The crowd eagerly parted to clear a path between the two men. As she and Connor approached the duke, Pamela felt a peculiar chill shoot down her spine. She glanced over her shoulder to find Lady Astrid watching them from the gallery, her eyes glowing nearly as feverishly as her brother’s.

Pamela frowned, disconcerted by the woman’s gloating expression. But there wasn’t anything she could do at the moment except obey the duke’s summons.

Connor reluctantly surrendered her hand as they approached the wheeled chair. She stepped back a respectful pace, executing a graceful curtsy. Connor bowed as well, but the duke quickly caught him by the hand, urging him to straighten.

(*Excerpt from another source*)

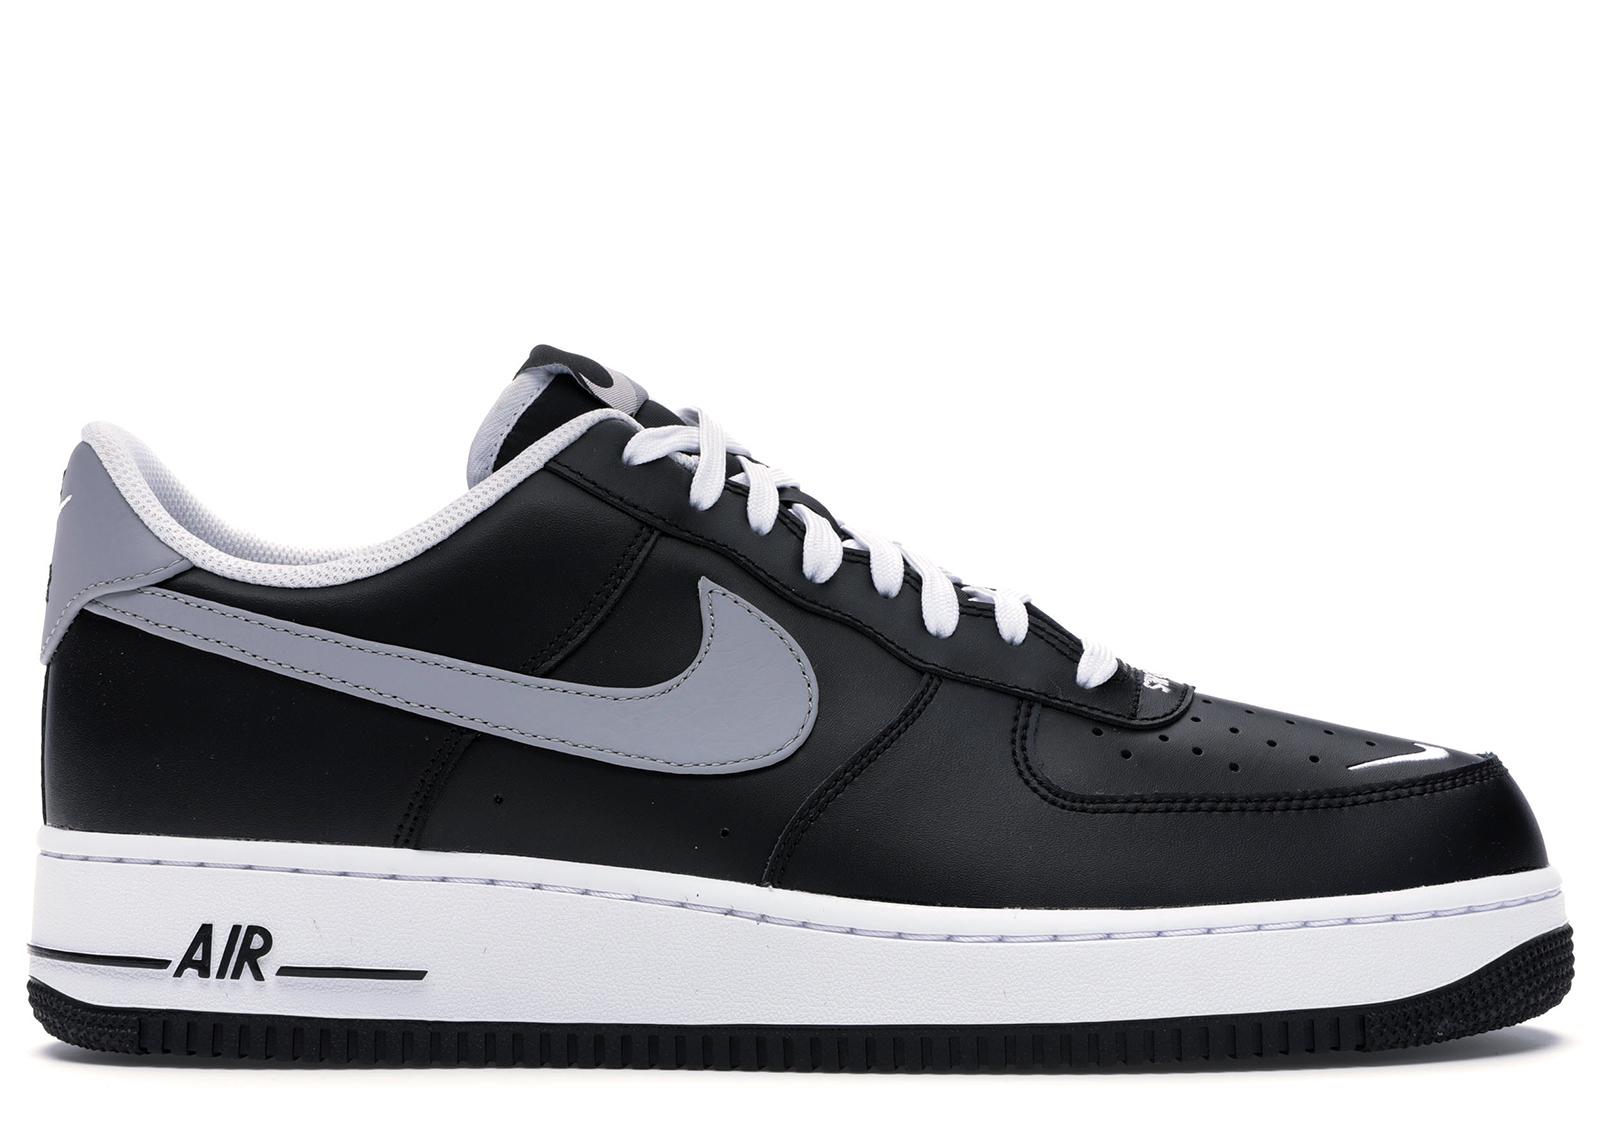 Nike Air Force 1 Low Swoosh Pack Black
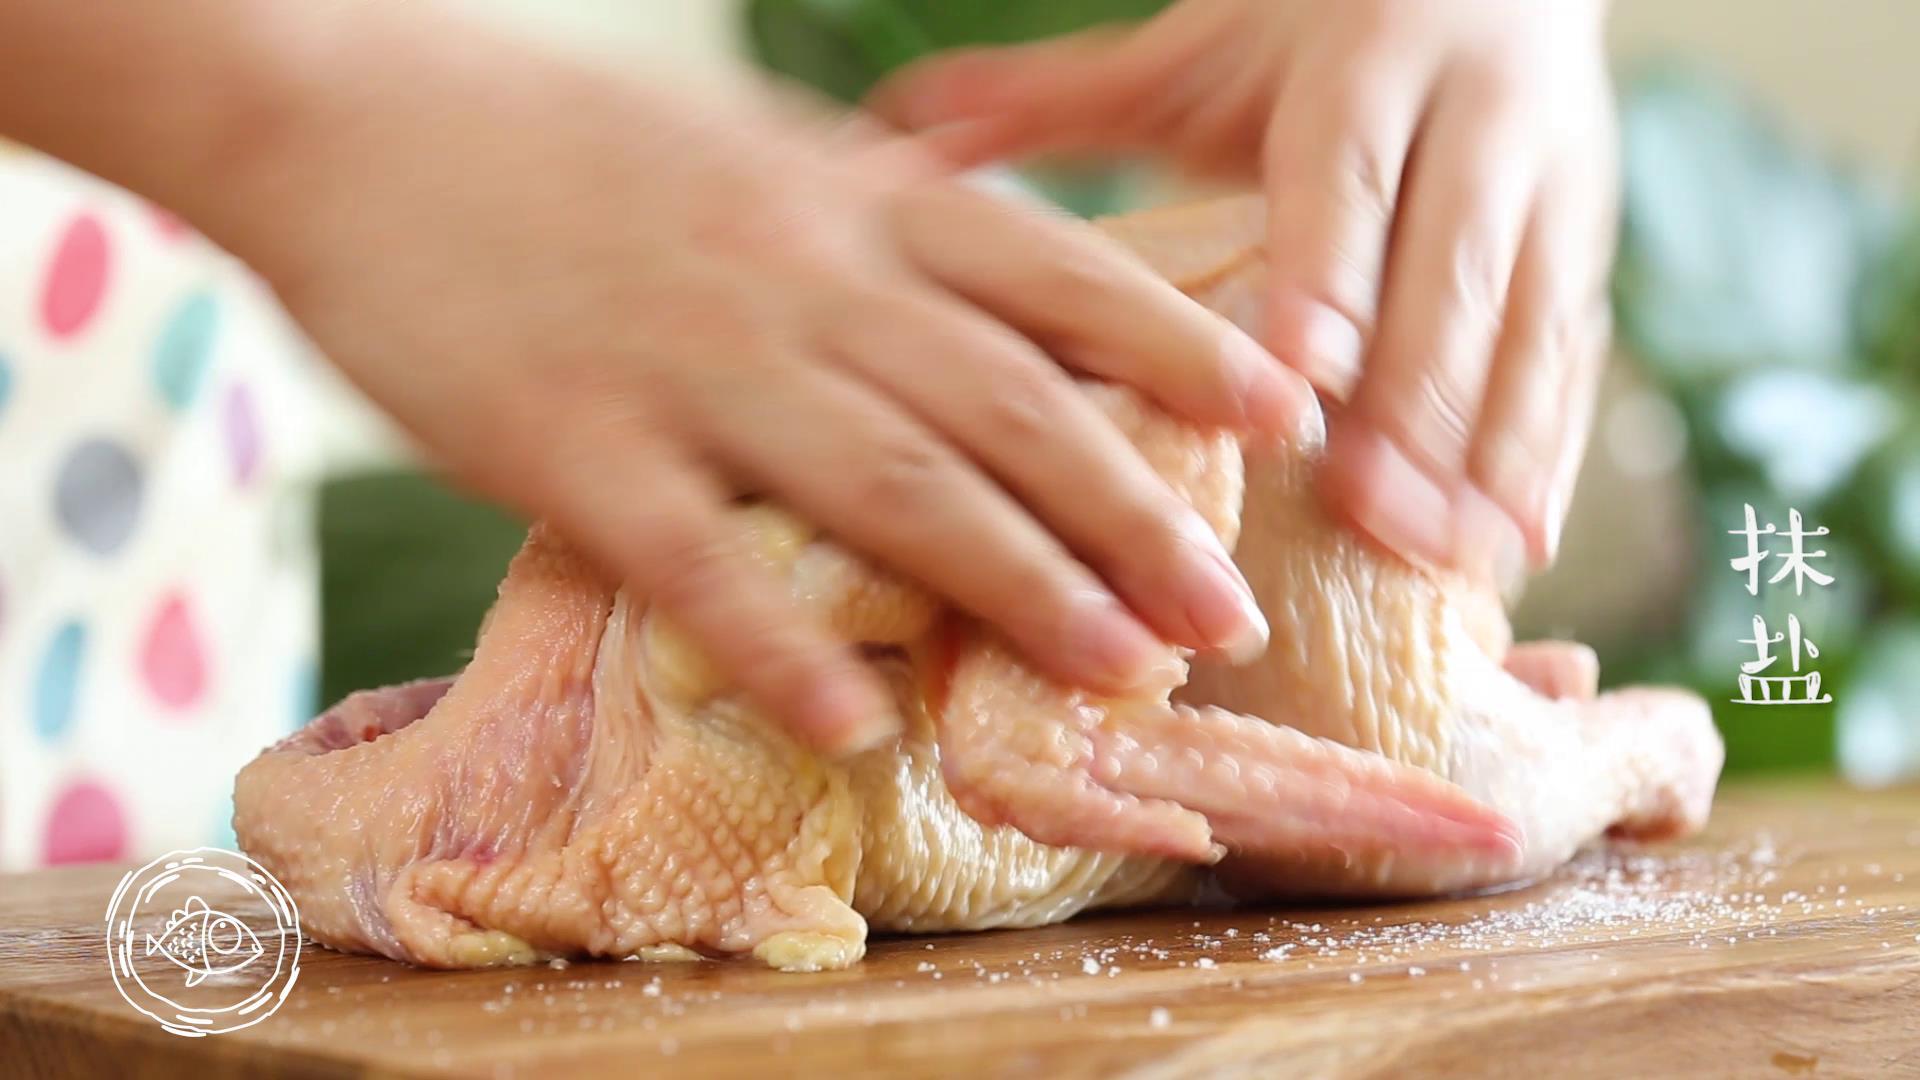 电饭煲烧鸡12m+,整鸡冲洗干净,开始抹盐、里外都抹均匀~</p> <p>

Pamela glanced behind them again, sensing movement in the crowd for the first time since the duke had made his grand entrance. There seemed to be several new arrivals slipping past the footmen and into the ballroom. Before she could blink, they had disappeared into the crowd, fanning out in all directions.

Her sense of unease growing, she returned her attention to the duke, praying his speech would be over quickly so she could warn Connor that something might be amiss.

Still gripping Connor’s hand, the duke drew him to his side so that they were both facing the crowd. “Ever since the day my son returned to Warrick Park, I’ve been trying to come up with the perfect gift with which I might welcome him home. As most of you know without my boasting, my fortune is such that I could lay many of the world’s greatest treasures at his feet. But by watching him with his lovely fiancée in the past fortnight, I have learned that my son is a much wiser man than I was at his age. He has already come to recognize the value of the dearest treasure of all.”

Pamela felt the sting of unexpected tears in her eyes as the duke paused to give her a gracious nod.

As if by prearranged signal, all four footmen moved to station themselves around the object draped by the velvet curtain.

“After searching my heart—or what’s left of it—I decided to give my son a gift that would honor not only him, but also the memory of his dear mother.”

The duke waved his hand in a dramatic flourish. The footmen tugged a quartet of gold cords and the velvet curtain went rippling to the floor.

An astonished gasp went up from the room as an enormous portrait propped up on a gilded easel was revealed. A portrait of a lady in the first tender bloom of womanhood.

Her hair was piled high on top of her head and lightly powdered in the style of a generation ago, making it impossible to determine its hue. Some might have said it was her striking gray eyes, her ripe lips, or her fine straight nose that made her beauty so uncommon, but Pamela believed it to be the mischievous dimple tucked deep into her right cheek. There was also a beguiling hint of stubbornness to the lift of her jaw, giving the impression that she was not a woman with whom a man would want to trifle. Pamela sighed, thinking how very tragic it was that the duke had learned that lesson too late.